Passam-me as coisas mais incríveis e cómicas pela mente - esta mente que não domino. 
– Está sim senhor!
E ele fica a olhar com aqueles olhinhos pequeninos e brilhantes, algo maliciosos até. Livra! Se me casasse agora não o queria para repórter fotográfico – penso eu divertida – ou talvez sim.
Olho em volta, sinto o burburinho, cheiro o frio e aconchego-me um pouco mais no casaco. "Isto é bom" – penso eu. E dou comigo a valorizar o presente.
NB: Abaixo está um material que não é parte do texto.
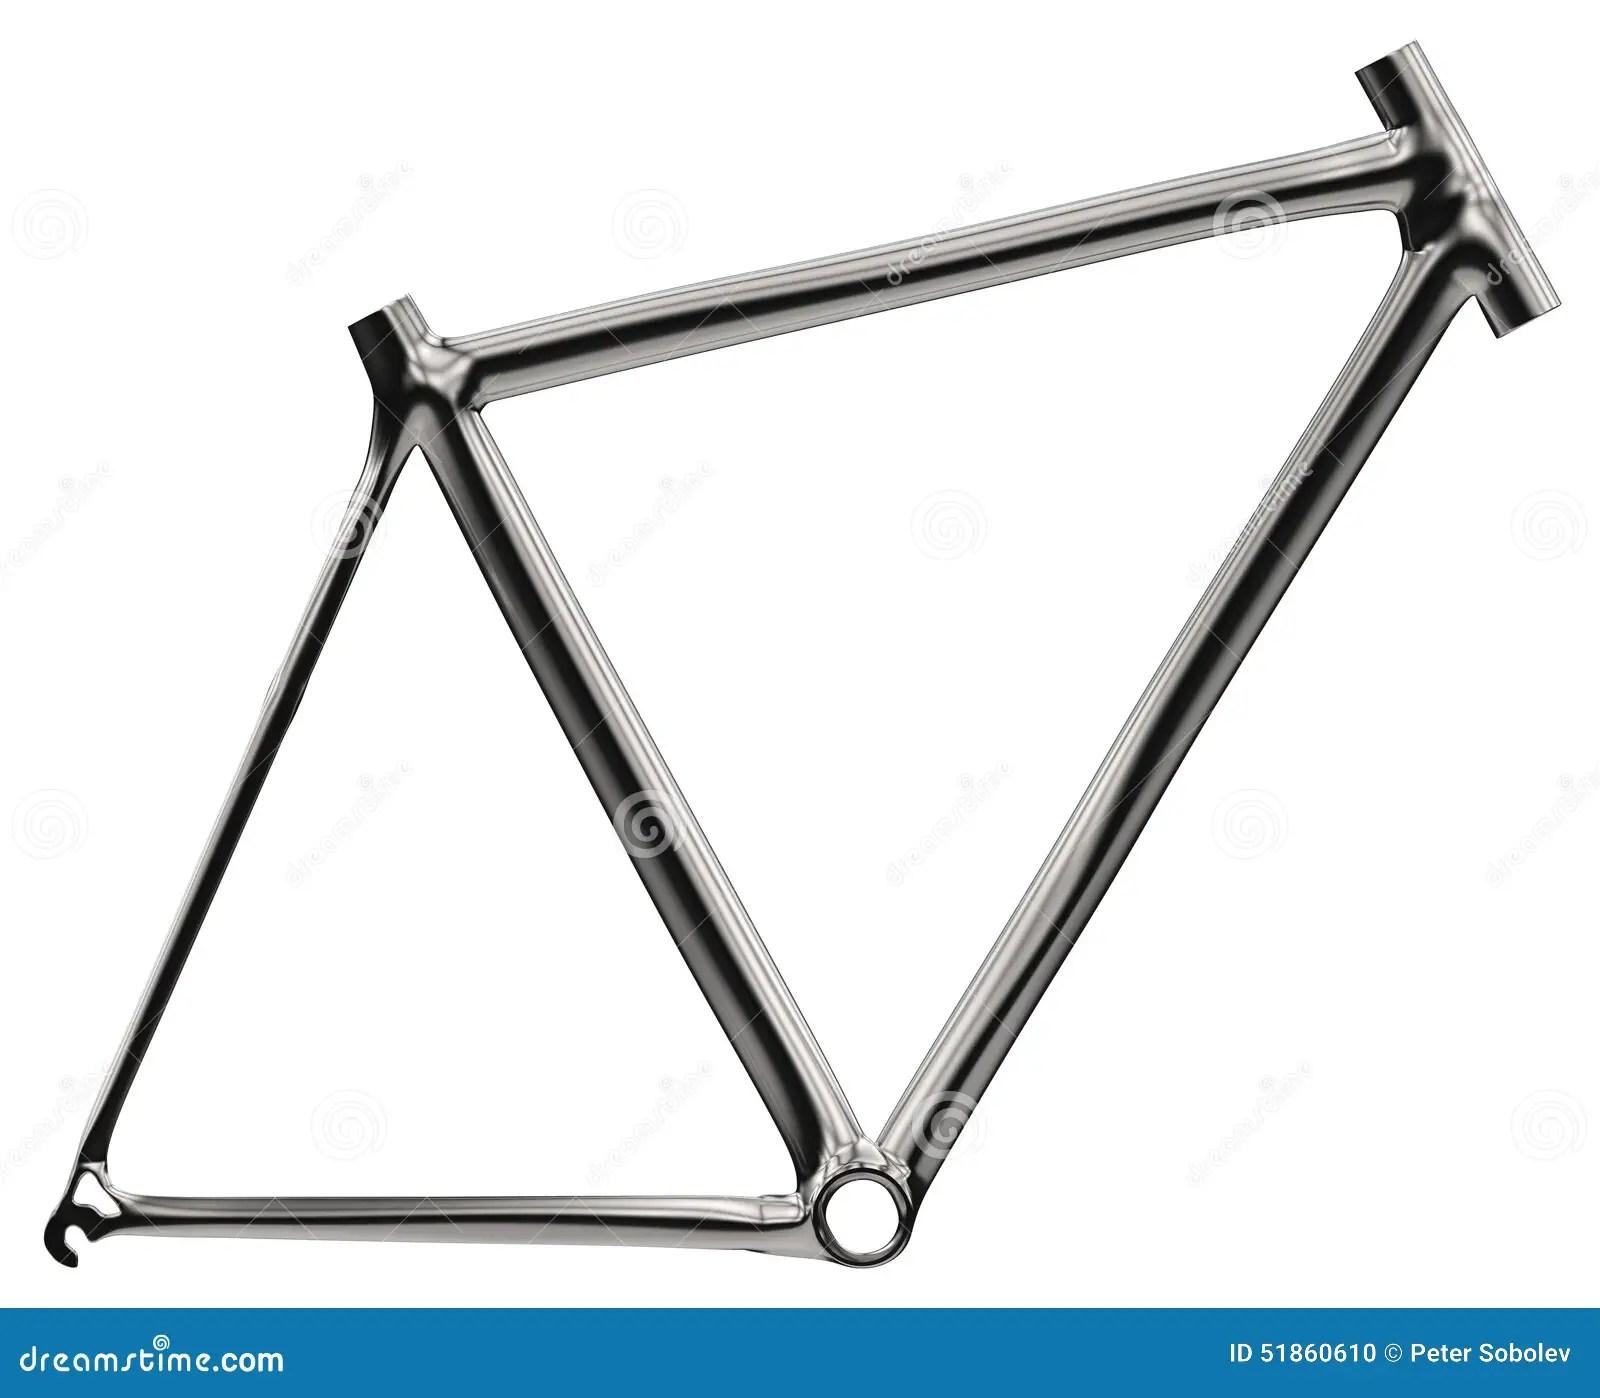 Bike Frame Stock Illustration Illustration Of Stainless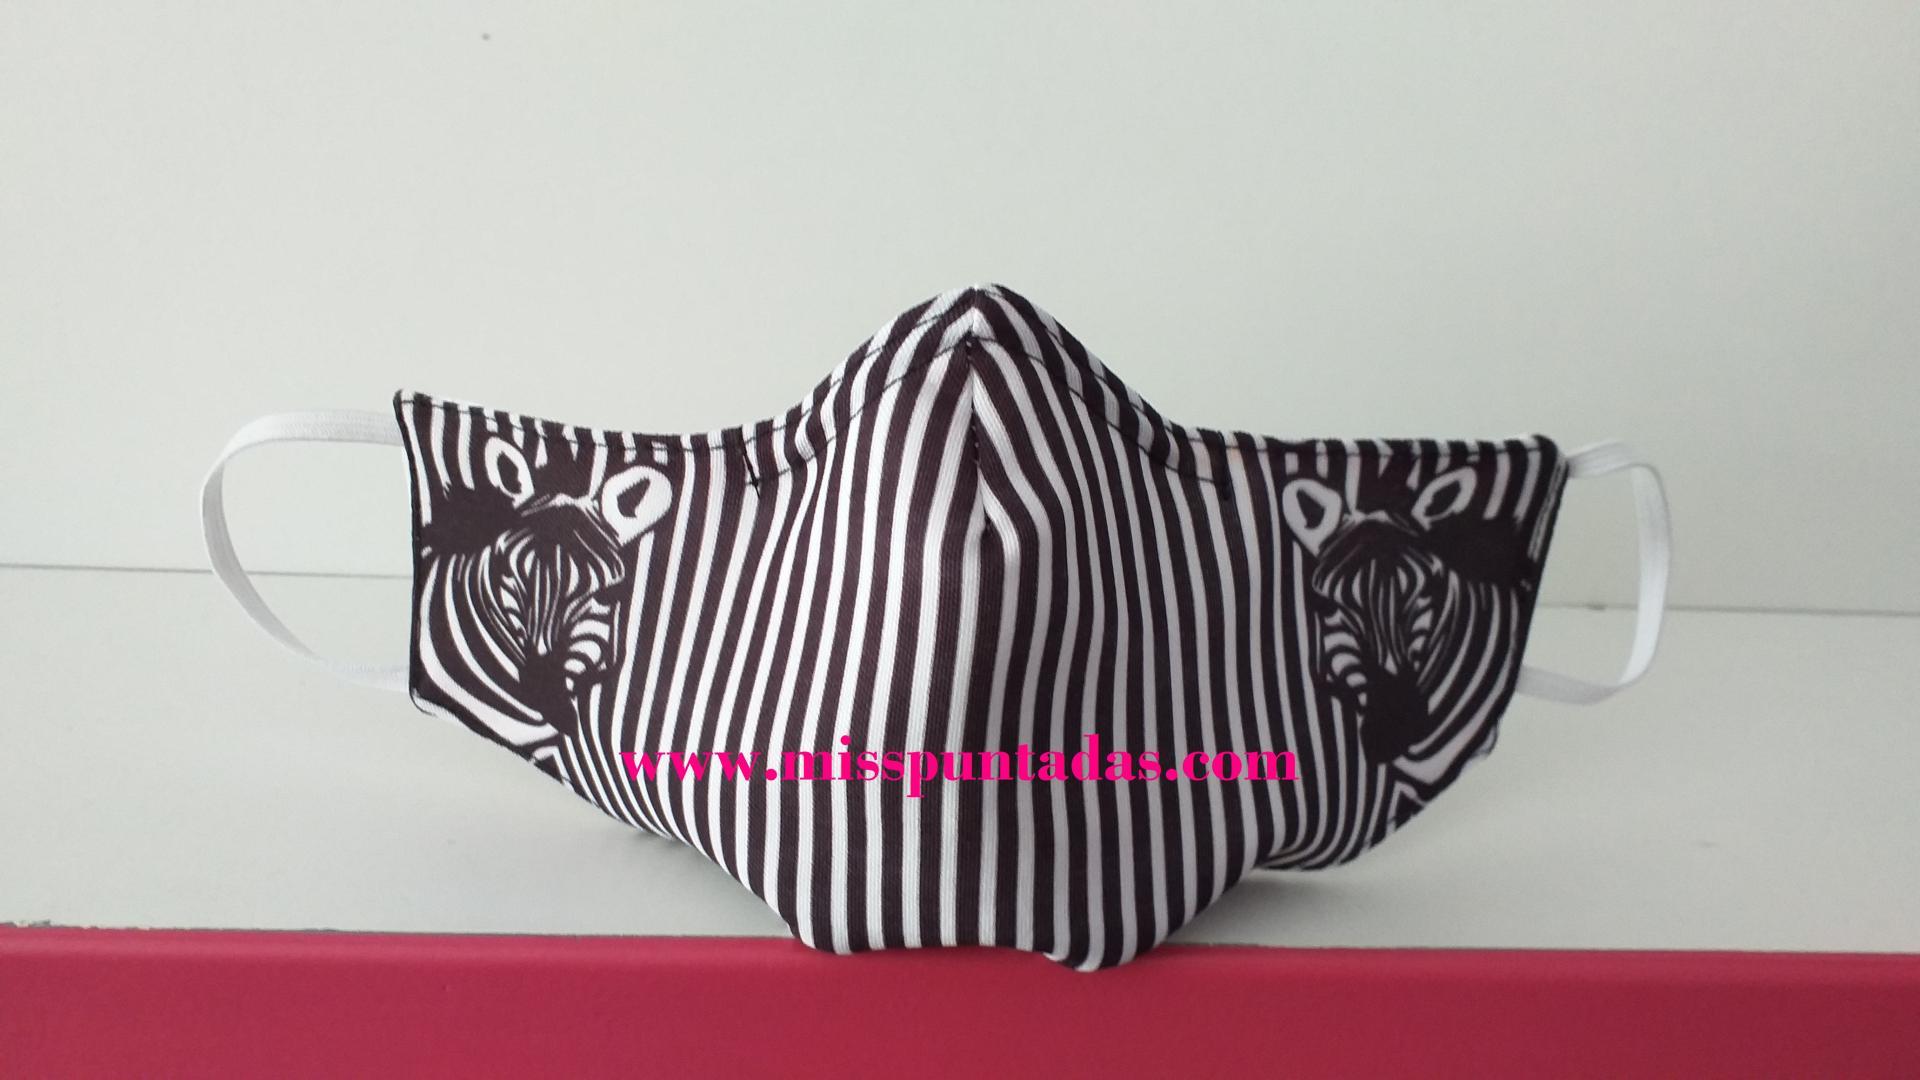 Mascarilla 2 Zebras MP-VR

Constato que este povo que tanto aprecia criticar, quase como se fosse dono da verdade, nem se permite apreciar o que tem, limitando-se a temer um futuro cada vez mais incerto e apoiando-se num passado cada vez mais longínquo e turvo, cheio de nevoeiro denso e sem Reis salvadores perdidos lá dentro.
Torno a olhar a montra das fotos mas desta vez já só vejo a esperança nos olhos das modelos noivas.
E chegada finalmente a hora de regressar á realidade, deixa-me lá ir beber o meu café ao Chico, que o tempo não pára, a vida não pára, o pensamento não pára e, como dizia o poeta… o mundo pula e avança.